- ASSIGNMENT
Print the listing below only from the line that has "Meet Playboys first" through the line that has "IIT इंडस्ट्री एप्लीकेशन", exactly, and drop any picture.

BEGIN PROVIDED DATA

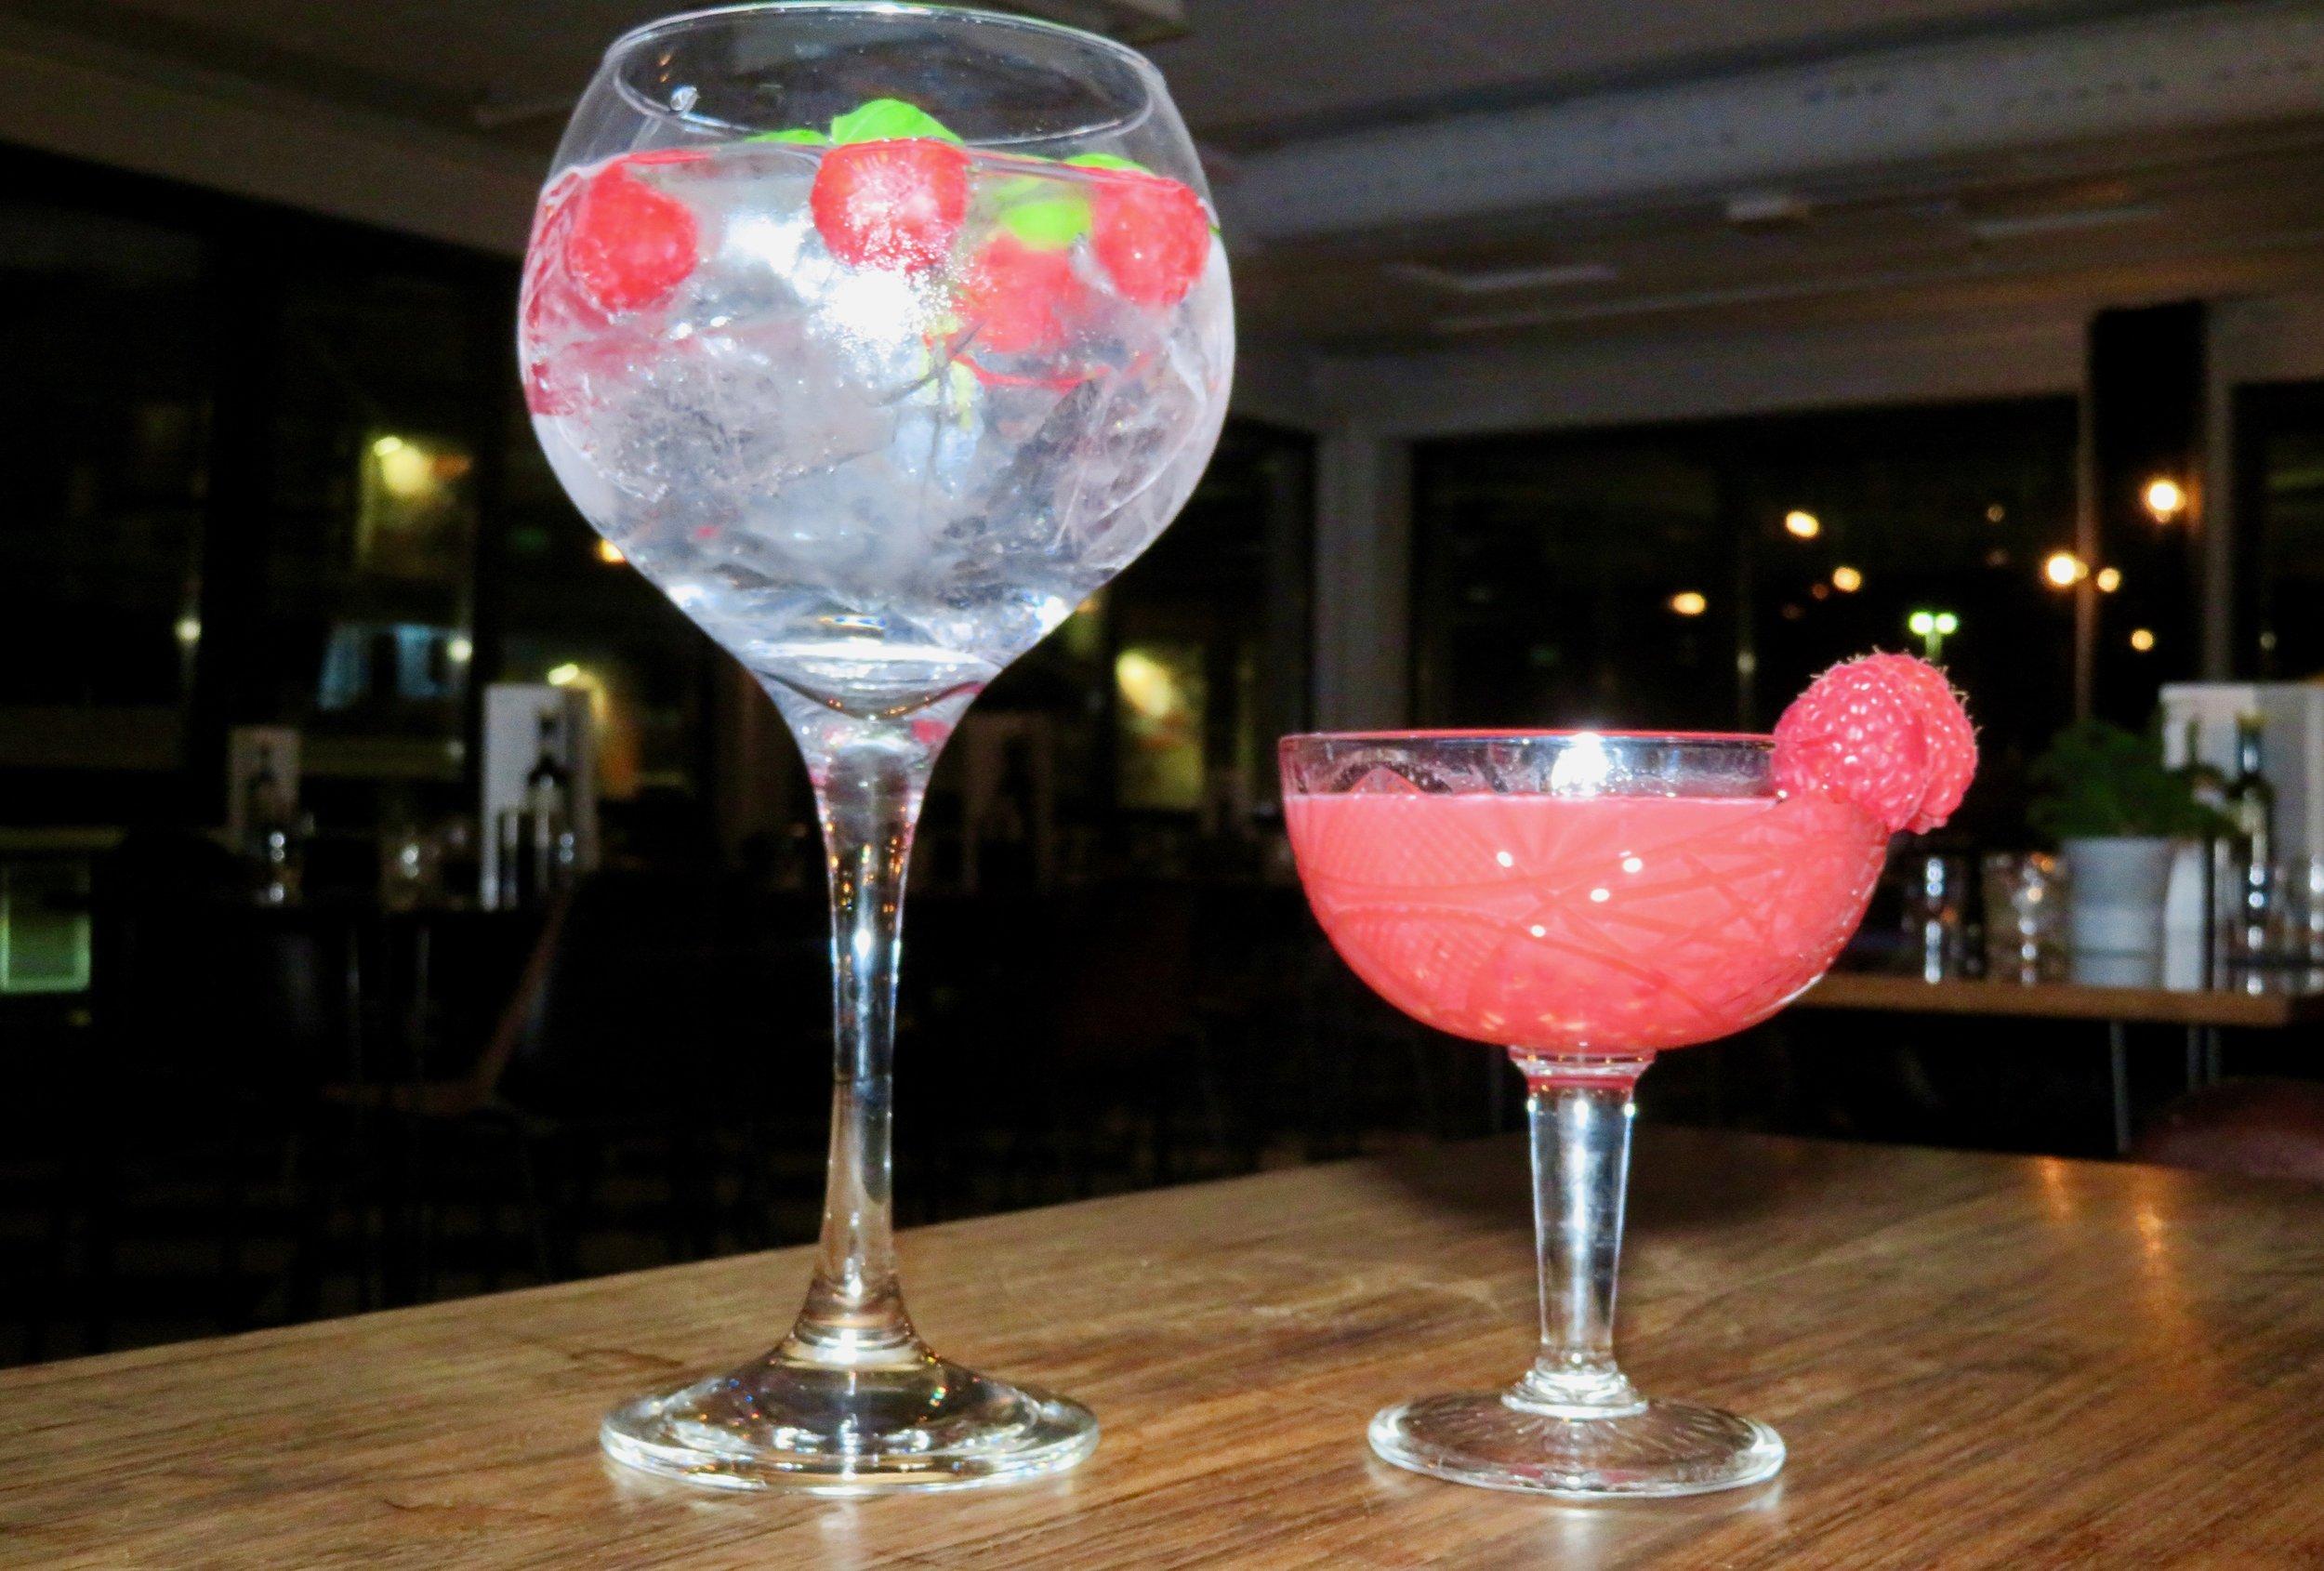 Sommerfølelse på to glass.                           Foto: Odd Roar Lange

END PROVIDED DATA
BEGIN PROVIDED DATA

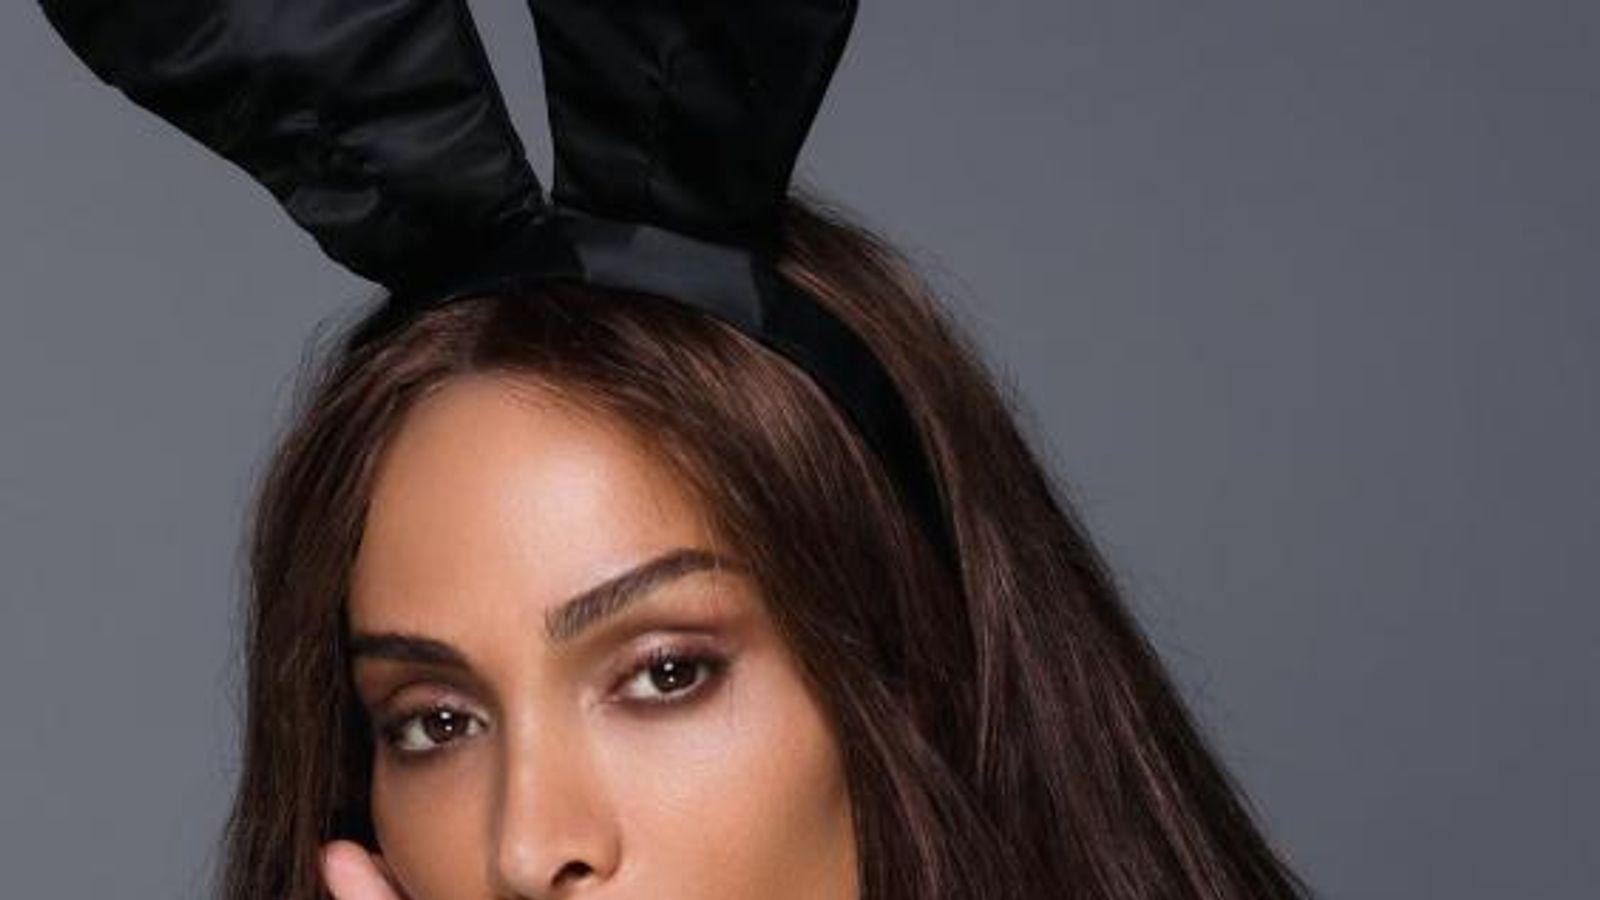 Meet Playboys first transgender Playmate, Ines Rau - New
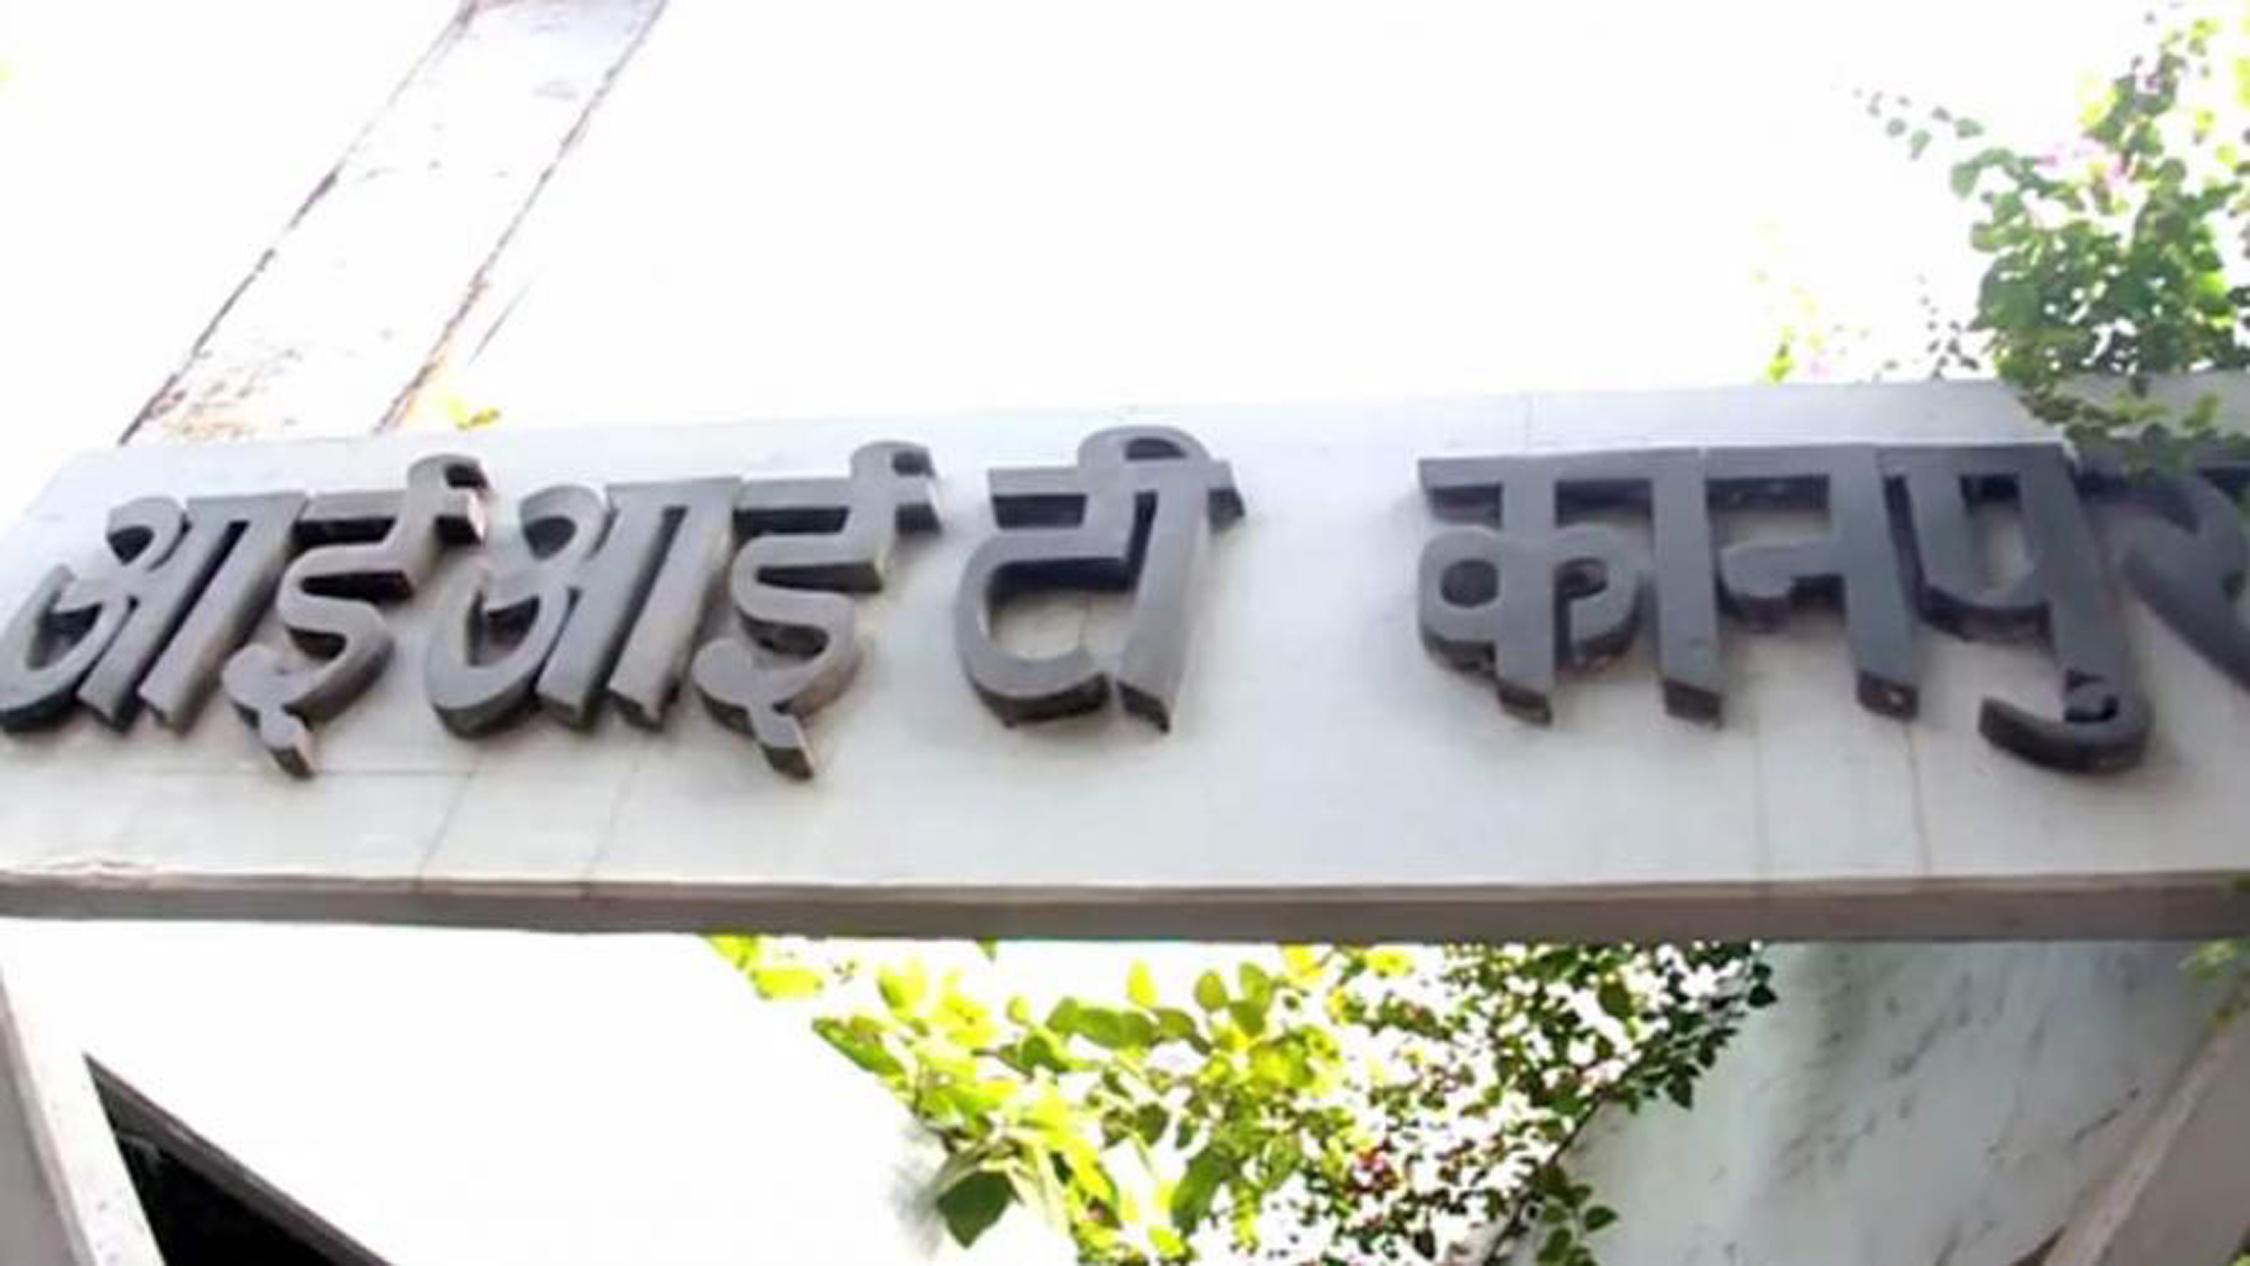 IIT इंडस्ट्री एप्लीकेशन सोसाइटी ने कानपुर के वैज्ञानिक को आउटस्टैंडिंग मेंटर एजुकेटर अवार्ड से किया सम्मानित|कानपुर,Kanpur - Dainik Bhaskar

END PROVIDED DATA
BEGIN PROVIDED DATA

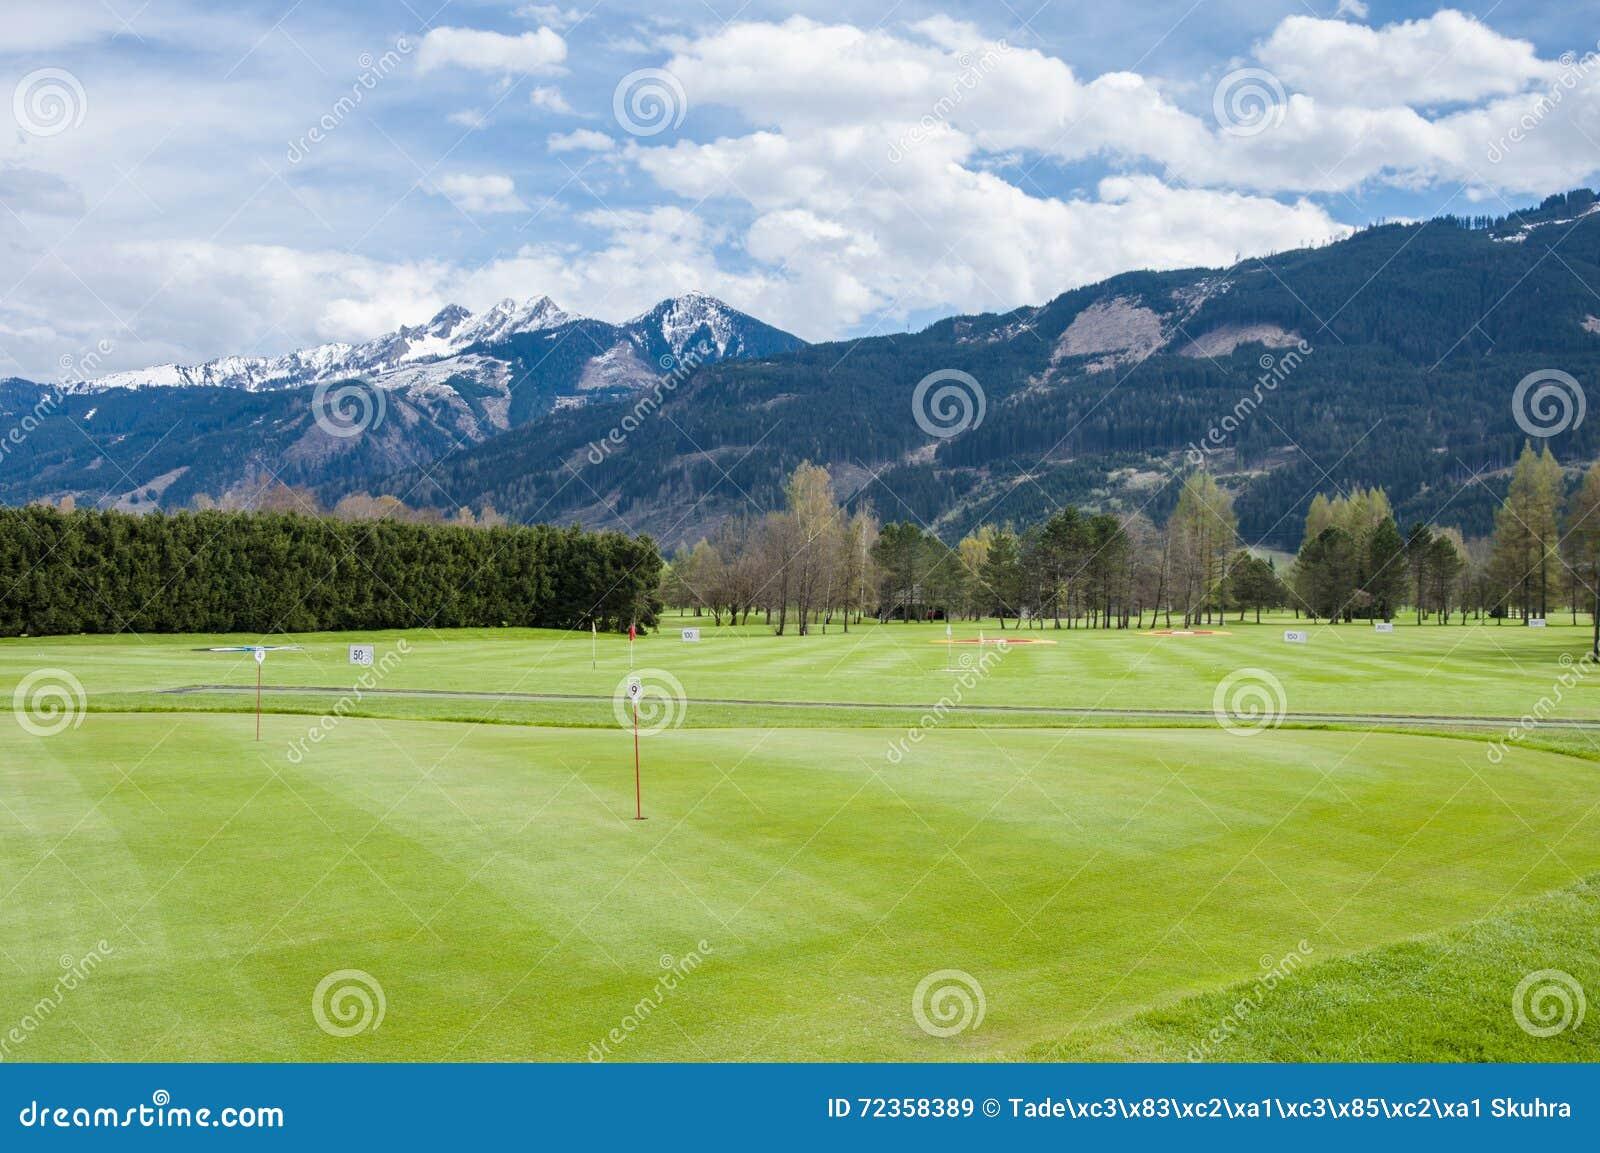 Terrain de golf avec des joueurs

END PROVIDED DATA

- EXERCISE ANSWER
 Meet Playboys first transgender Playmate, Ines Rau - New
 IIT इंडस्ट्री एप्लीकेशन सोसाइटी ने कानपुर के वैज्ञानिक को आउटस्टैंडिंग मेंटर एजुकेटर अवार्ड से किया सम्मानित|कानपुर,Kanpur - Dainik Bhaskar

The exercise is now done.